Consecutive Support Matching Induced Parameter Tuning Accelerates Momentum Iterative Hard Thresholding

2026-06-08Information Theory

Information Theory
AI summary

The authors present CosMIHT, a new method to speed up finding sparse signals from data. It cleverly adjusts its speed based on detecting when the important parts of the signal stop changing, using a simple rule to switch from cautious to faster steps. They prove the method first steadily identifies the signal's main features and then quickly refines the results with high probability. Tests show CosMIHT converges faster than other methods without losing accuracy.

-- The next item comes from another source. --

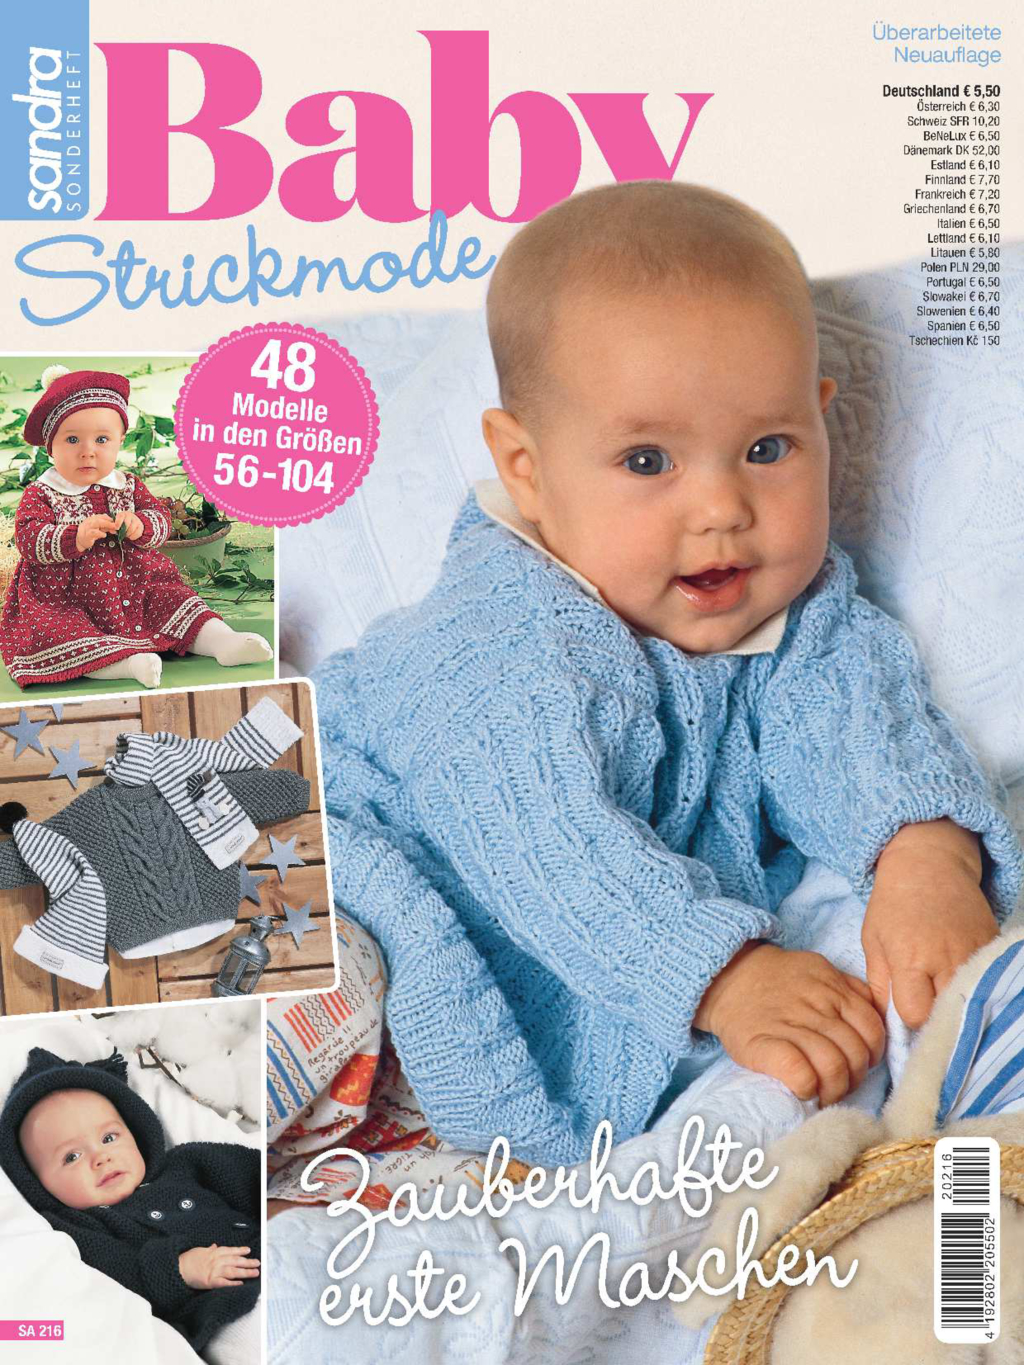 Sandra Sonderheft SA 216 - Baby Strickmode

iterative hard thresholdingsparse signal recoverymomentum accelerationheavy-ball methodsupport identificationrestricted isometry propertypower methodconvergence rateGram matrixsignal processing
Authors
Samrat Mukhopadhyay, Debasmita Mukherjee
Abstract
Momentum-based acceleration of iterative hard thresholding (IHT) can dramatically speed up sparse signal recovery from linear measurements, but its effectiveness hinges on careful parameter tuning -- a task complicated by the frequent support changes inherent to hard thresholding. We propose CosMIHT(Consecutive Support Matching Induced Momentum IHT), which resolves this difficulty through a simple adaptive rule: start with the conservative parameters and whenever two consecutive iterates share the same support, estimate the extreme eigenvalues of the support restricted Gram matrix via a lightweight power method and switch to the corresponding optimal heavy-ball parameters. This mechanism allows CosMIHT to automatically interpolate between cautious MIHT-like behavior during support discovery and near-optimal accelerated convergence after support identification. Under standard restricted isometry assumptions, we develop a two-phase convergence theory. In the \emph{wandering phase}, we establish a linear contraction of the recovery error up to a noise floor and derive an explicit upper bound on the number of iterations required to identify the correct support. In the \emph{lock-in} phase, we establish that, with a randomly initialized power method based eigenvalue estimates that depend on the number of power iterations, the algorithm enjoys, with high probability, a near-optimal accelerated convergence rate akin to the heavy ball method. We corroborate the theoretical findings with extensive numerical experiments on both noiseless and noisy measurements demonstrating that CosMIHT achieves faster convergence than state-of-the-art iterative sparse recovery techniques without compromising the recovery performance.